Tuesday, March 2, 2010
‘Fraidy Feet
“He's still alive. They hit him with five shots and he's still alive!”
- Sollozzo, after attempted murder of Don Vito Corleone
Vito needed to go to the vet for his shots, and I needed to consider the best way to get him there. I could lay him on my lap as I drove, but I worried a runaway Toyota would crash into us from behind, and that Vito would make a lousy air bag. So I found a box in the garage and set Vito inside.
From the screaming, you would have thought he was sentenced to a life of solitary confinement, and that box was his jail cell.
We were greeted full force at the door of the vet by a toddler named Toliver. This youngster wore a pair of black snow boots that threatened Vito. The more Vito recoiled from Toliver’s clodhoppers, the more Toliver pursued the “funny puppy.” While this happened, Toliver’s mother looked at wall photos of puppies and kitties, paper animals safe from Toliver.
While Vito hid behind my legs from Toliver, a woman popped out of nowhere. She asked if she could take Vito’s picture because her son wanted a Husky. I said sure. She knelt on the floor and stuck her cell phone in Vito’s face, which made him lunge backwards, right on top of Toliver’s boots.
As I removed the whimpering Vito from Toliver’s feet, the photo-taking woman vanished. We were called to the front desk to deliver Vito’s morning stool sample and measure his weight. He weighed eight pounds, four ounces, the equivalent of one of Toliver’s boots.
The veterinarian looked just like my 17-year-old nephew Connor, so I liked him immediately. The doctor said Vito had roundworms, and I didn’t care for the guy as much. He said put medicine on Vito’s food for three days straight. The stool that followed the medicine may contain some worms, he said. By now, I was peeved at this young man, and I wanted to call Toliver in from the waiting room so he could put his boots to good use and give Dr. WormNews a swift kick.
Other than the larvae that had taken up residence inside him, Vito was fit. It was time for his five shots, to protect him from doggie diseases. He also needed his claws snipped. Plus, he was to receive a microchip inserted between his shoulders. The microchip will help us locate him if he gets lost or runs away. The needle to inject the rice-sized chip was quite large, said the doctor. Did I want to see, or would it be okay if they took him in the back to insert the computer chip? They could also give him his shots and cut his nails back there. The pending vision of Vito’s wormy poops was enough for me, so I asked that he be taken away.

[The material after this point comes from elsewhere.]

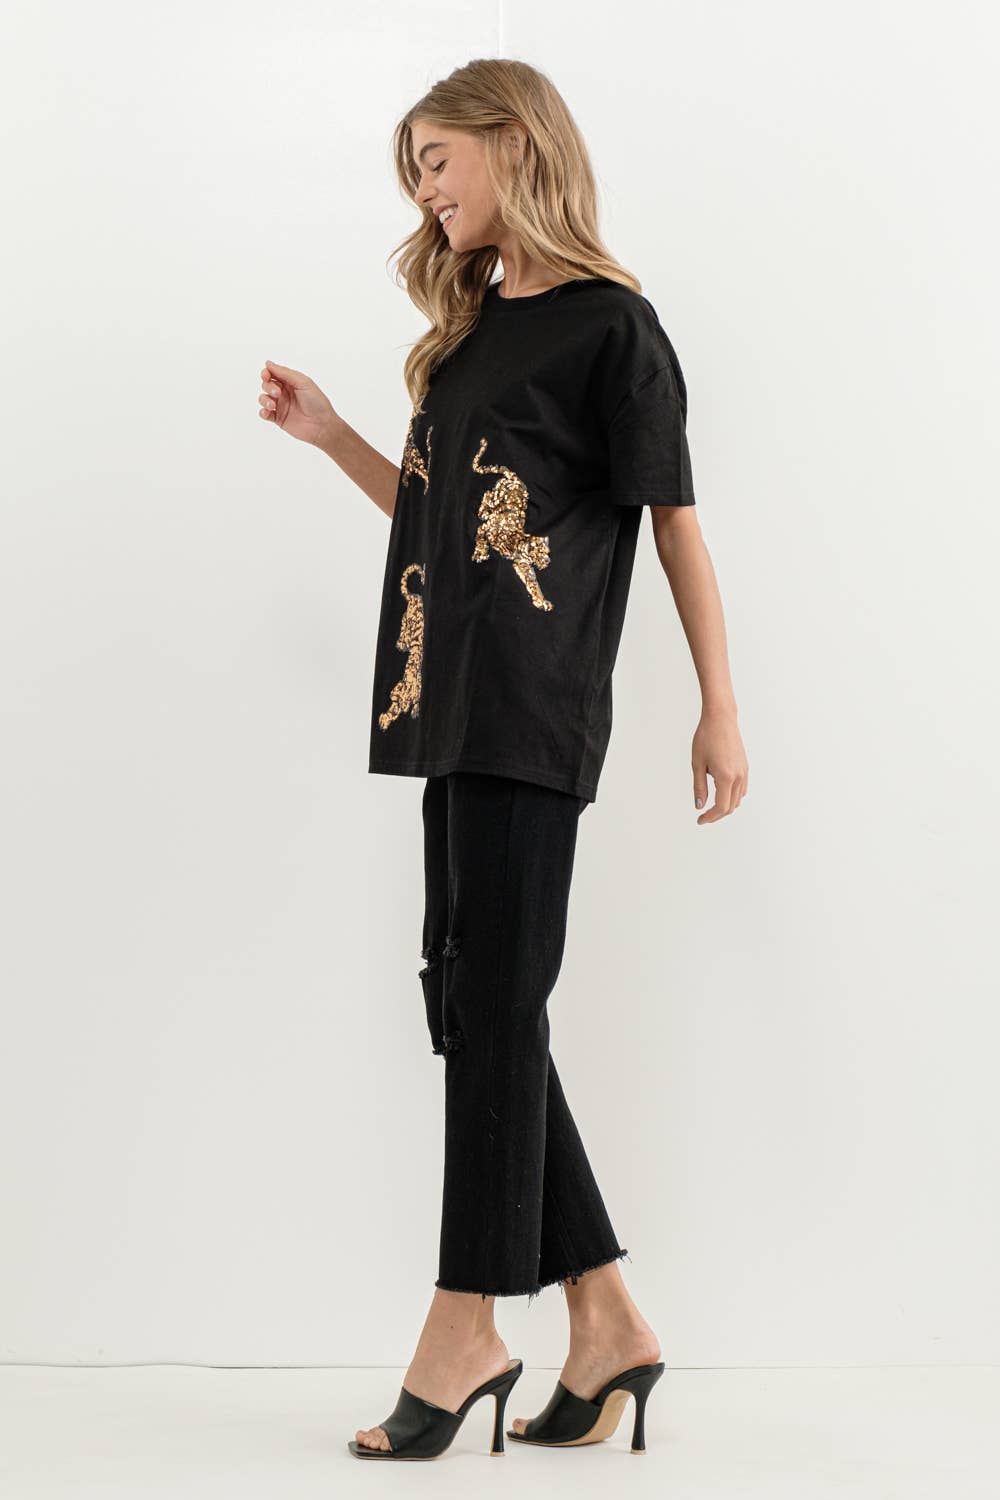 Embellished Sequin Tiger Graphic T Shirt
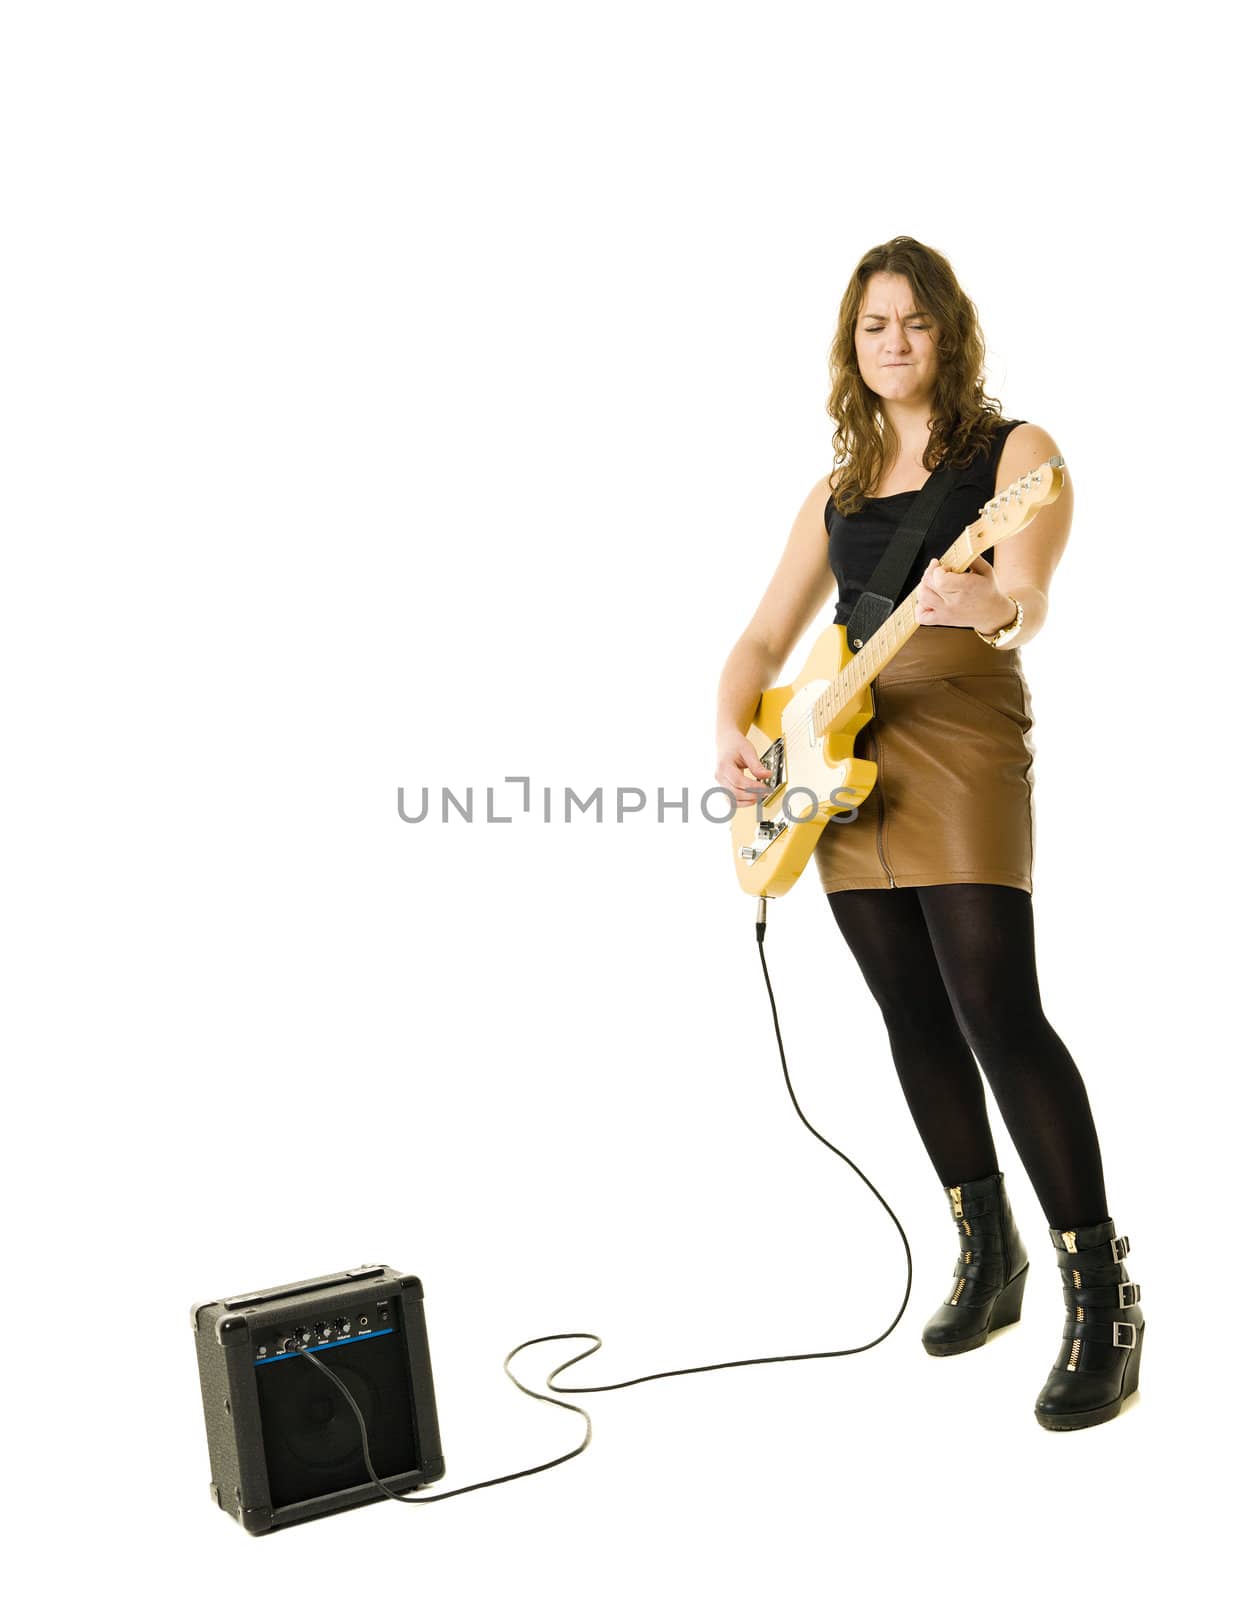 Woman playing guitar by gemenacom

Judging from the screams, the room where they took him must have also served as the Island of Lost Toddler Boots.
When the vet’s assistant brought him back and laid him in my arms, Vito looked completely out of it.
“The microchip needle must have hurt,” I said. “He cried so hard.”
“He didn’t make a sound when we inserted the chip,” she said. “All that fuss was when he got his nails clipped.”
Thanks, Toliver. Now Vito is scared of his own feet.